---------- Data supplied
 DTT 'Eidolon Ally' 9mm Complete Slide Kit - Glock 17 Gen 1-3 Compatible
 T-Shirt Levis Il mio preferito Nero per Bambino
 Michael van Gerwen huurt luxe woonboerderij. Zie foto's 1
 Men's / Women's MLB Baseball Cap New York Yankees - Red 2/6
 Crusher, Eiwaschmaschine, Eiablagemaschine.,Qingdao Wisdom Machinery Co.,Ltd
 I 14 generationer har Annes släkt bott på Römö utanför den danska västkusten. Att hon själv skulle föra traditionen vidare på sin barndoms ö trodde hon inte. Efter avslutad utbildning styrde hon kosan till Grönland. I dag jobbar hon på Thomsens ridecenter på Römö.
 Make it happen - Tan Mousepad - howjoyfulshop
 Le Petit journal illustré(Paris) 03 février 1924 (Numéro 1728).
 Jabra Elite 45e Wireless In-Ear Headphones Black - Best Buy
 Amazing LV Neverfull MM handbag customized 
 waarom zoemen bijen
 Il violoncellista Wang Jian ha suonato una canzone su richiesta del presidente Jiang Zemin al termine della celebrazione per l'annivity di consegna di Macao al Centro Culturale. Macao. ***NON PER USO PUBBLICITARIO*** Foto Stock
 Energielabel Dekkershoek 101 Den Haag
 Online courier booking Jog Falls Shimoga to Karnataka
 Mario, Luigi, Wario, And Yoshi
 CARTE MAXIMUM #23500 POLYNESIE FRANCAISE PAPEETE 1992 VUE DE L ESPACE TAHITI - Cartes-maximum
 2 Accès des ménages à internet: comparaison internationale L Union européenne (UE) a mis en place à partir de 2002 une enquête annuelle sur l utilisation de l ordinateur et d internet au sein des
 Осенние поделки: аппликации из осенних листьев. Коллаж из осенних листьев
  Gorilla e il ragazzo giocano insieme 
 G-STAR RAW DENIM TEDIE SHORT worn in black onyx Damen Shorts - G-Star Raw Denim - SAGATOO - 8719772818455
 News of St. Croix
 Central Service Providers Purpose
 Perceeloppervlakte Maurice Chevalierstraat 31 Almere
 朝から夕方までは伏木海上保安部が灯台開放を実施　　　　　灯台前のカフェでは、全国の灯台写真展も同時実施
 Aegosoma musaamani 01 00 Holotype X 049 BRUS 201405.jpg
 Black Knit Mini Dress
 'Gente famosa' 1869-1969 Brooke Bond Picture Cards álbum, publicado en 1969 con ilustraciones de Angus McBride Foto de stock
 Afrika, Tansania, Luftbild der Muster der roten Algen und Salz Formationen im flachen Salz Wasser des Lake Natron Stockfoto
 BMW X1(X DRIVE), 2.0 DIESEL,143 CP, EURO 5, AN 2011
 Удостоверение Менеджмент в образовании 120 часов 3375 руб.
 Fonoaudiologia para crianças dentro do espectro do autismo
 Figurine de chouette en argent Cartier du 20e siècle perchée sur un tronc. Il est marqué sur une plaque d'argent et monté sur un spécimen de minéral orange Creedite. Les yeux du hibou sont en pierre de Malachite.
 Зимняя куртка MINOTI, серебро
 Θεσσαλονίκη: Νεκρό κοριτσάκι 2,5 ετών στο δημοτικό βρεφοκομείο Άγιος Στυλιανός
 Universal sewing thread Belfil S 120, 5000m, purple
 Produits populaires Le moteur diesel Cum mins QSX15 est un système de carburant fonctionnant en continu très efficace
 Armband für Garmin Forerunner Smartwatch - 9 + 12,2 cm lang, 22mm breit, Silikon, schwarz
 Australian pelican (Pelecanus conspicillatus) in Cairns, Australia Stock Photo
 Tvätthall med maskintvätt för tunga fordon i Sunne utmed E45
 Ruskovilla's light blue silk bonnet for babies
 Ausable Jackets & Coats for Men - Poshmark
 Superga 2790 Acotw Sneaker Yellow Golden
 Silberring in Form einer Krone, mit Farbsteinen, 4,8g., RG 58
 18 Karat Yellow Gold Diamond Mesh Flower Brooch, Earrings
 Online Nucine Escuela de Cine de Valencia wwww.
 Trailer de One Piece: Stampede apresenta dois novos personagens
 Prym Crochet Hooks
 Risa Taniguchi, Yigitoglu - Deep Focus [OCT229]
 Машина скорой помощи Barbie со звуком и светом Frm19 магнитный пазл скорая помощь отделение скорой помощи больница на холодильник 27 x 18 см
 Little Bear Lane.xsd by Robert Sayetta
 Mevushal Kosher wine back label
--------------------
What you should do: Exactly as written, reproduce the lines of the data above from the first line through the line where "Mario, Luigi, Wario, And Yoshi" appears.

Answer below:
 DTT 'Eidolon Ally' 9mm Complete Slide Kit - Glock 17 Gen 1-3 Compatible
 T-Shirt Levis Il mio preferito Nero per Bambino
 Michael van Gerwen huurt luxe woonboerderij. Zie foto's 1
 Men's / Women's MLB Baseball Cap New York Yankees - Red 2/6
 Crusher, Eiwaschmaschine, Eiablagemaschine.,Qingdao Wisdom Machinery Co.,Ltd
 I 14 generationer har Annes släkt bott på Römö utanför den danska västkusten. Att hon själv skulle föra traditionen vidare på sin barndoms ö trodde hon inte. Efter avslutad utbildning styrde hon kosan till Grönland. I dag jobbar hon på Thomsens ridecenter på Römö.
 Make it happen - Tan Mousepad - howjoyfulshop
 Le Petit journal illustré(Paris) 03 février 1924 (Numéro 1728).
 Jabra Elite 45e Wireless In-Ear Headphones Black - Best Buy
 Amazing LV Neverfull MM handbag customized 
 waarom zoemen bijen
 Il violoncellista Wang Jian ha suonato una canzone su richiesta del presidente Jiang Zemin al termine della celebrazione per l'annivity di consegna di Macao al Centro Culturale. Macao. ***NON PER USO PUBBLICITARIO*** Foto Stock
 Energielabel Dekkershoek 101 Den Haag
 Online courier booking Jog Falls Shimoga to Karnataka
 Mario, Luigi, Wario, And Yoshi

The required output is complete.